Forensics at Your Fingertips
I'm actually not talking about fingerprints, today. Although that's an interesting, and somewhat fraught, topic in forensics, for one very good reason: there is no established minimum. You can, in theory, take a mere three or four points of reference matching an unknown print to a known, and call it identified. That would be silly, but sadly, there's nothing to say you can't do it. Yet. I hold out hope for a more rigorous standard in coming years as it is apparent forensic fingerprinting is not held to a high enough bar to cross for admissible evidence. No, what I'm talking about today is what makes up the fingerprints themselves.
Locard's principle, that anything we come in contact with transfers a trace of itself to us, and we to it, has never been taken to such miniscule levels. We now have the technology to test a microscopic trace of an unknown person left at a crime scene, and it can reveal to us what sex they are, what they look like down to hair and eye color, their genetic identity, and now, even what drugs they may have in their system. Touch DNA is what can be extracted from the nuclei of skin cells left behind in fingerprints. We shed our dead cells constantly, and although tracking a single cell authoritatively to a perpetrator to say 'so and so was here at this time' is a nigh-impossible task, using the cells in a fingerprint allows forensic analysts to declare that the print, the DNA; they go together.

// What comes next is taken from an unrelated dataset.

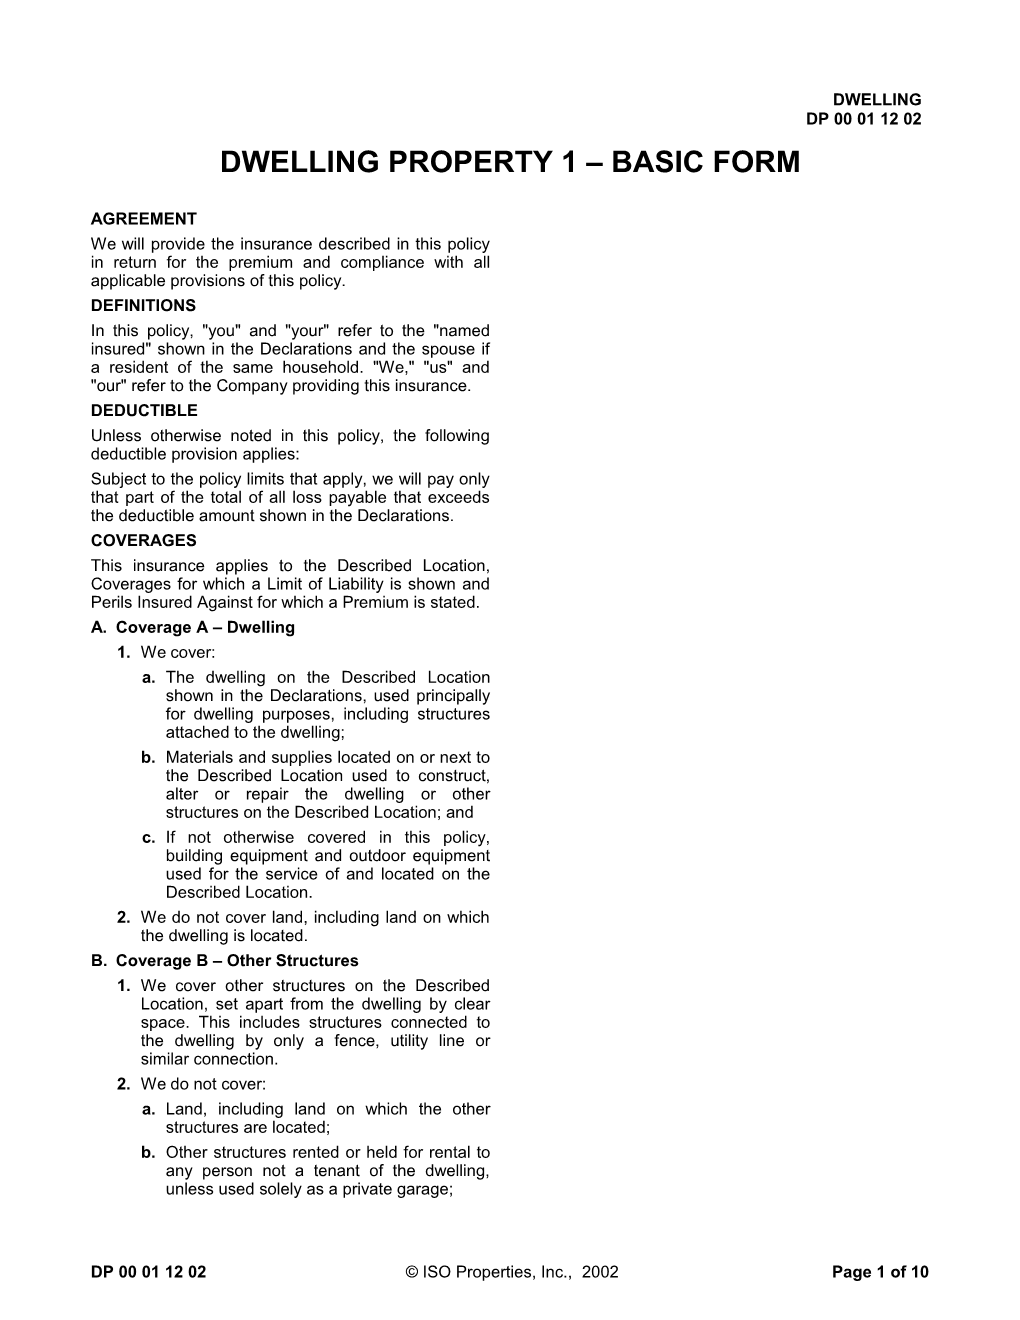 Dwelling Property 2 - Broad Form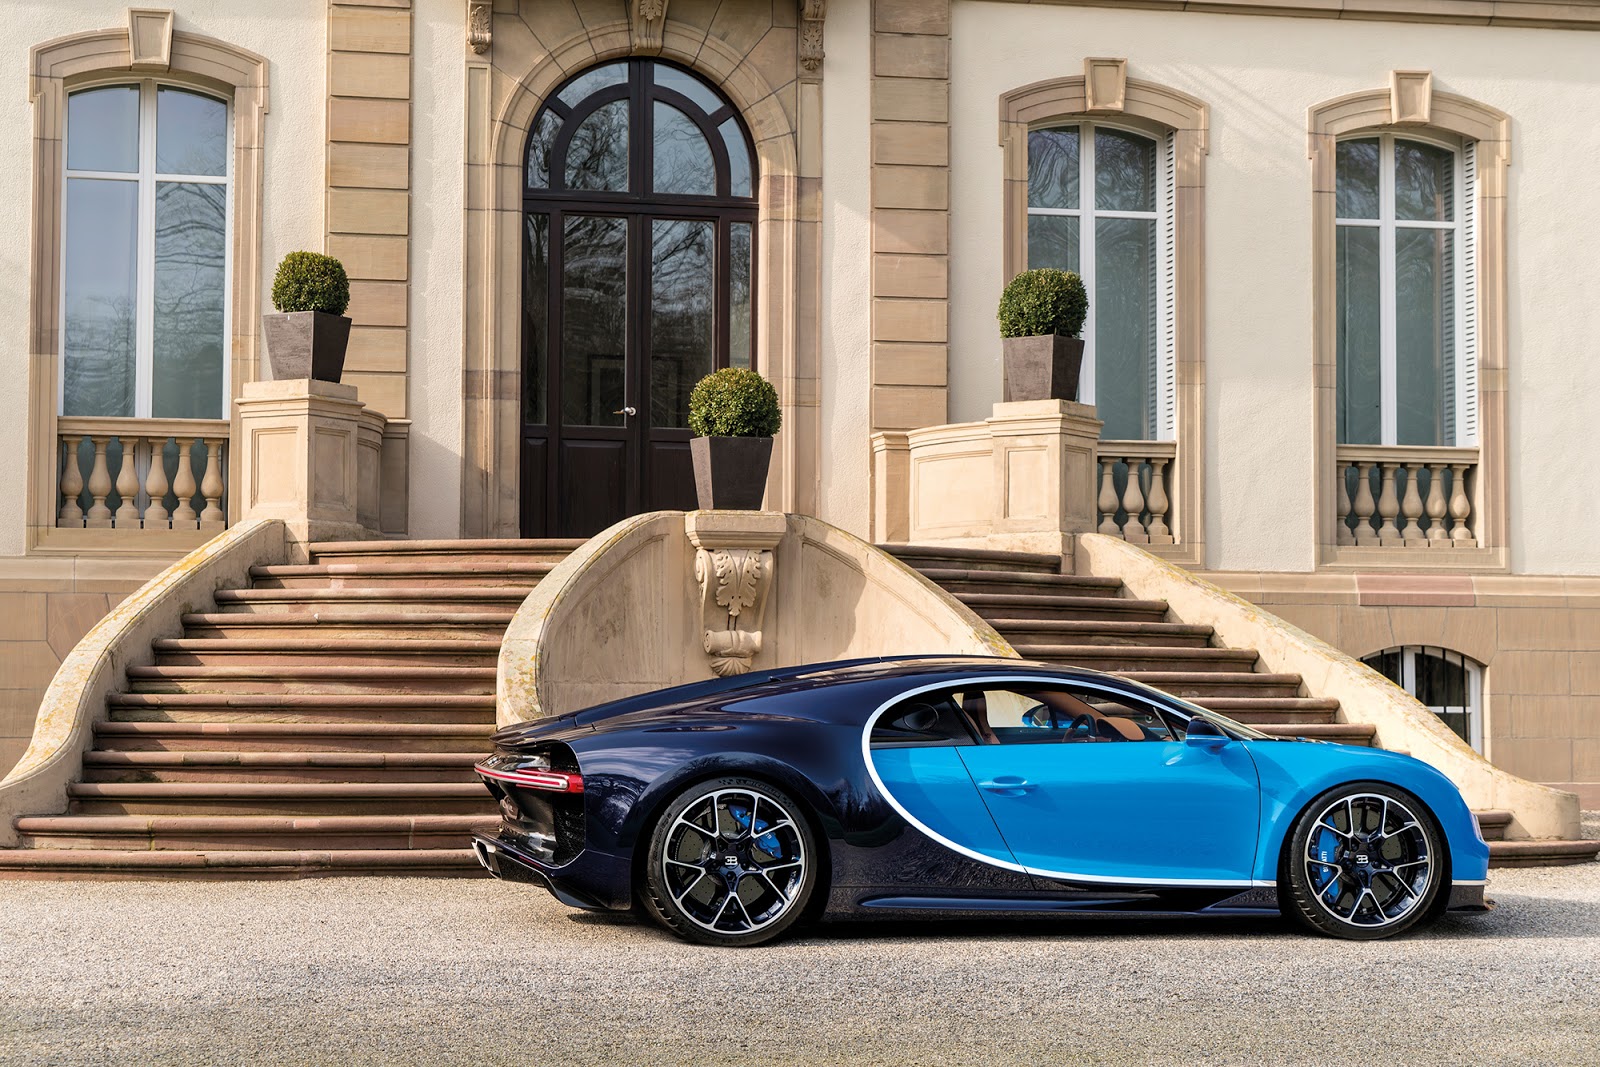 HD Wallpapers : Bugatti Chiron 2017 HD Wallpapers

And now, four classes of illicit drugs can be detected from fingerprint sweat, as well. The current test is to allow for presumptive detection of cannabis, cocaine, opiates, and amphetamines from the finger of a living or dead body. But it doesn't take much of a leap forward to extract that information from a fingerprint. For now, being able to quickly detect illicit drugs and then confirm with the more time-consuming methods that are more precise is enough to be an exciting new tool in analyst's ability to aid in law enforcement. Also, given some time, I'm sure that other drugs and substances will be added to the test, as well.